For the blueberries, I froze them and then thawed them. Next, I crushed them a little and used the microwave method to extract juice. This is similar to other berrries. I am finding you can get execllent juice extraction by freezing to first break the cell walls and then using the almost instantaneous heat from the microwave to break down pectin and extract the juice. I used 60 second cycles to heat and drain off the juice. I also included the berries in the fermenter to help extract more color. For the pepper, I used dried but you can also use fresh. Just simmer and macerate the pepper until about half of the water is reduced. Strain it and let is cool before adding it to your cider. You could do this as part of the secondary fermentation with the blueberries though I included it after the secondary fermentation and just aged the cider with the pepper tea.
As always you can adapt this hard cider recipe to your preferred method. As is my normal, I don’t use sulfites or sorbates in my ciders. If you want, you can always add sulfites 24 hours before inoculating with yeast and both sulfite and sorbate before packaging if you are back sweetening with fermentable sugars. I just try to avoid additional preservatives whenever possible. You might check out my article on killing your juice if you are interesting in exploring this more. Hard ciders will naturally produce some sulfites as they ferment. Different yeast varieties produce more than others.

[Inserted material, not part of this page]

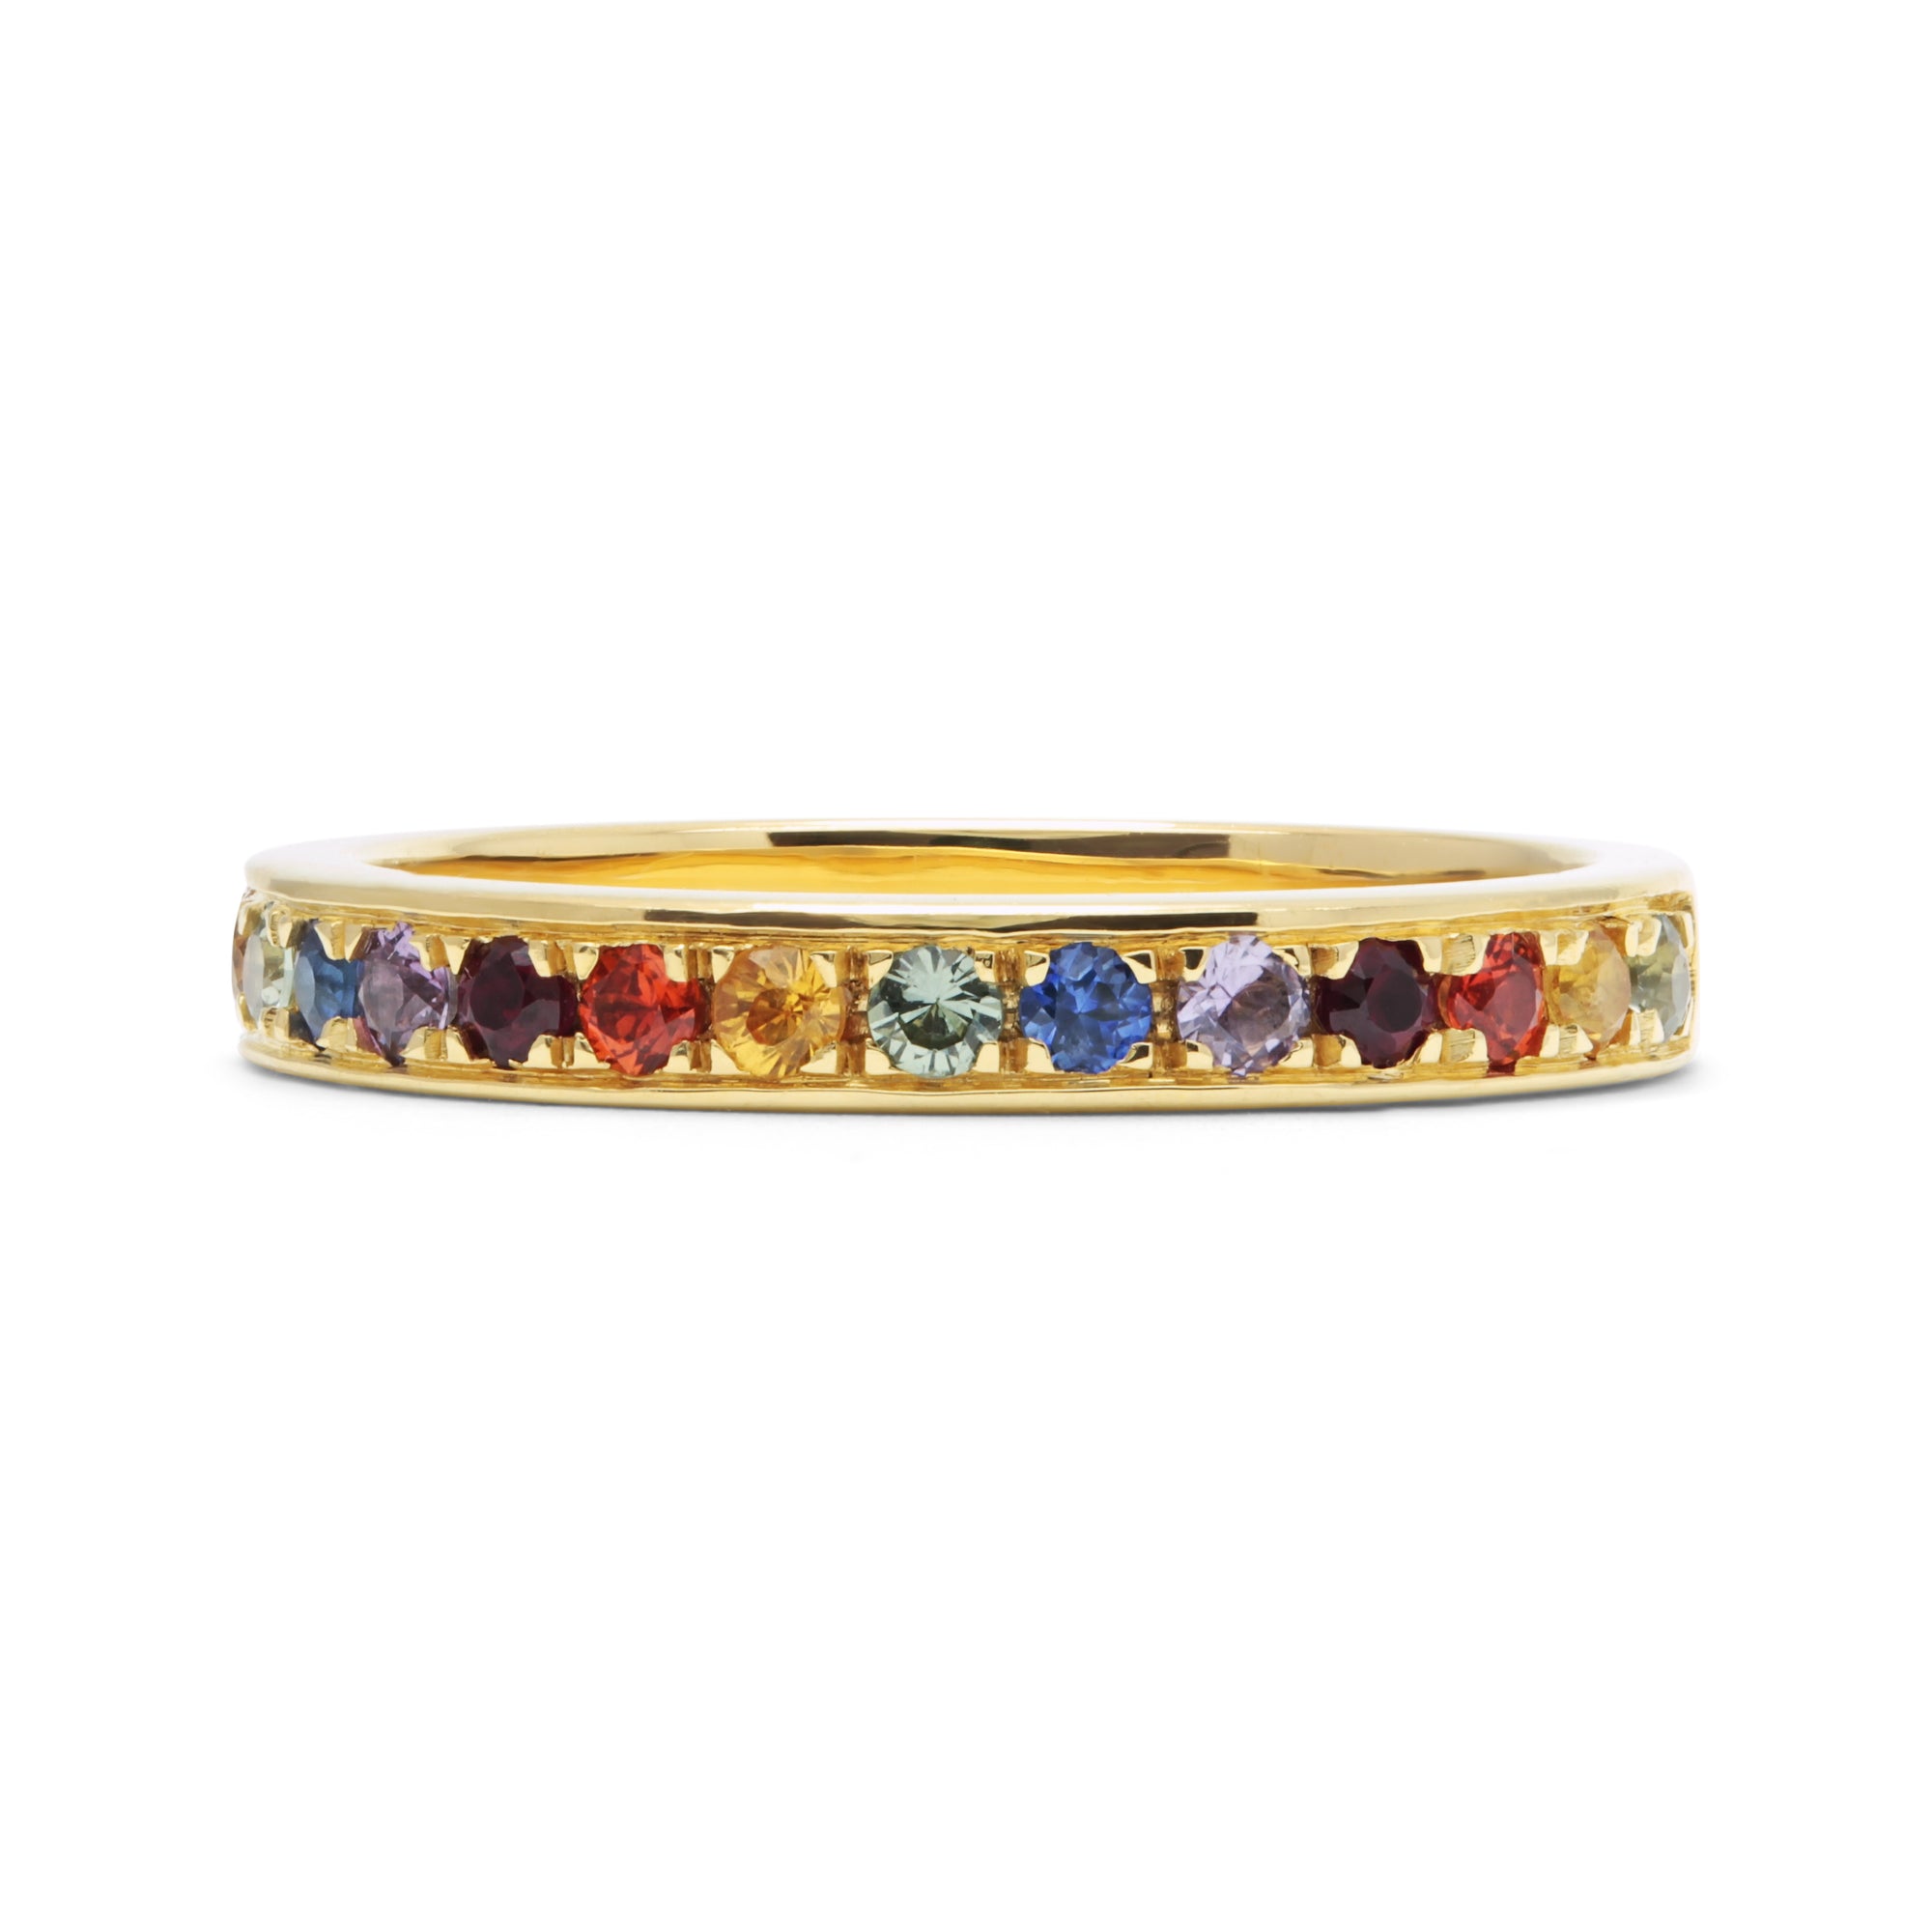 Freedom Ethical Gold Wedding Commitment Ring, 18ct recycled yellow gold and a rainbow of traceable, conflict-free Sri Lankan sapphires

I also filter my hard ciders but you can simply age them longer, cold crash them, and/or use fining to help clarify your hard ciders. Check my tips section out for more details in these items. The same is true for carbonation. If you want to bottle condition this cider to 2.5 volumes, you can add 25 grams of priming sugar per gallon (6.6 grams per liter). This should give you the additional volumes CO2 that you would need to reach 2.5. This assumes you didn’t degas the hard cider, which means you should have around 0.85 volumes of CO2 already suspended in it.
If you are not using kegs, always remember to limit your oxygen exposure by limiting your headspace when aging. If you are looking for some variations on this recipe, consider the following.

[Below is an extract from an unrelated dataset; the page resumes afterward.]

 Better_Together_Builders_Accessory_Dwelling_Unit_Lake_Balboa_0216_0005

- More Peels: I used a lower amount (75 grams) amount of peels since I knew this would have bluebrries as well. You could increase this or use a different color to enhance your end cider. You cna leave it out but I am always including some in my recipes now. This should increase the intensity of the color and add more polyphenols.
- Other Peppers: If you can’t find Carolina Reaper, try another type. If you want less hot, use only one pepper again, use a lower heat variety. if you want a hatter version, increase the number. Just be careful, even simmering Carolina Reaper tea can make your eyes start to water.
- Other Berries: If you don’t have access to blueberries, try another type. Use golden berries or bosenberries. Use whatnis local for your area. I am pretty sure it will still turn out well. Berries are a great cider adjunct and the heat just puts a unique twists to the everday!
- Back Sweeten: If you desire a sweeter hard cider, consider adding 40 grams per gallon (10.5 grams per liter) of organic erythritol to the cider before bottling. Erythritol is a non-fermentable sugar alcohol.